Та же мысль прозвучала в письме П.И. Бирюкову: «Язык надо бы по всем отделам держать в чистотене то чтобы он был однообразен, а напротивчтобы не было того однообразного литературного языка, всегда прикрывающего пустоту... Если газетный язык будет в нашем журнале, то все пропало» [63, 286]. Прочитав в «Север­ном вестнике» статьи ведущего критика журнала А.Л. Волынского, Толстой обратил внимание на свойственную его статьям «излишнюю цветистость» изложения.
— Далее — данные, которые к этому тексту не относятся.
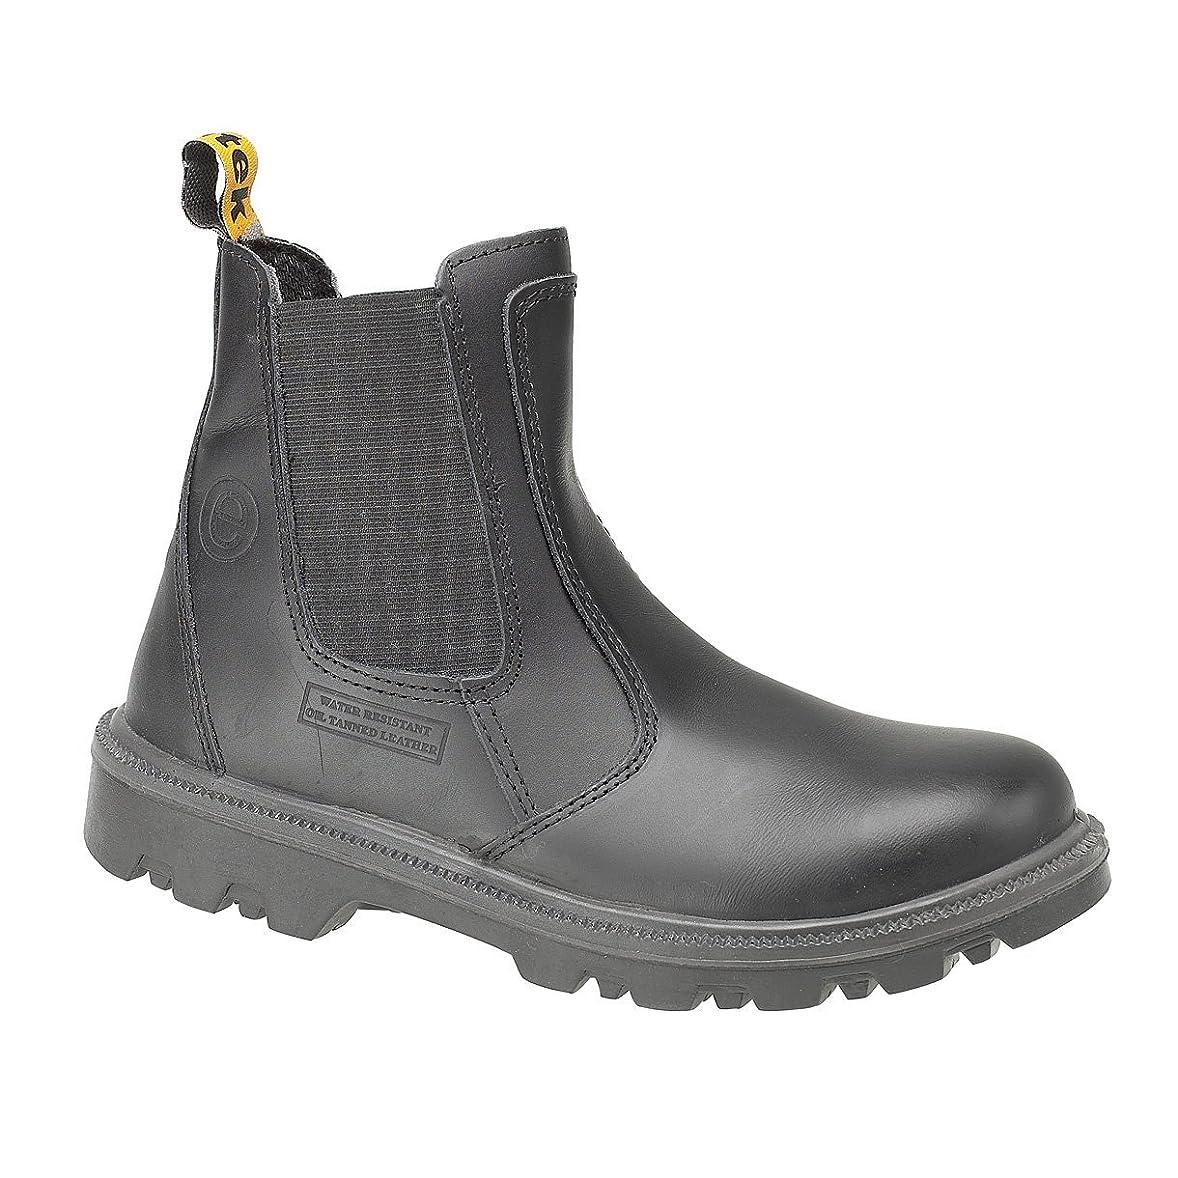 エミュレートする章バナナ(12 UK, Black) - Centek FS129 Safety Dealer / Mens Boots / Dealers Safety

Толстой высоко ценил мастерство журналиста, он даже заметил: «Журналисты умеют выбирать самое существенное и передавать его ясно, точно и коротко; это такое же искусство, как ораторство». И он доказал это своей публицистикой. Так, говоря о том, что хороший пример обладает силой заразительности, Толстой воск­лицает: «Как одна свеча зажигает другую, и одной све­чей зажигаются тысячи, так и одно сердце зажигает другое, и зажигаются тысячи» - это один из «сквозных», излюбленных образов Толстого-художника и публициста.

Толстой любил он приводить герценовское определение государства (из «Письма к императору Александру II») - «Чингис-Хан с телеграфами», настойчиво доказывая опасность ужаснувшей Герцена возможности подобного государственного устройства. «И Чингис-Хан не только с телеграфами, но с конституцией, с двумя палатами, прессой, политическими партиями et tout le tremblement»*, - предостерегал писатель в одной из своих последних статей «Пора понять» (1909).

Эта тревога писателя прозвучала и в ответном письме (1890 г.) к профессору государственного права Московского университета, известному публицисту Б. Н. Чичерину: «Недаром Герцен говорил о том, как ужасен бы был Чингис-хан с телеграфами, с железными дорогами, журналистикой. У нас это самое совершилось теперь. И более всего несоответствие это заметно - именно на журналистике....». Далее он подчеркивает: «В особенности поразила меня справедливость мысли о зловредном действии на общество развившейся журналистики нашего времени, конца ХIХ века, при формах правления ХV-го». [65, 133].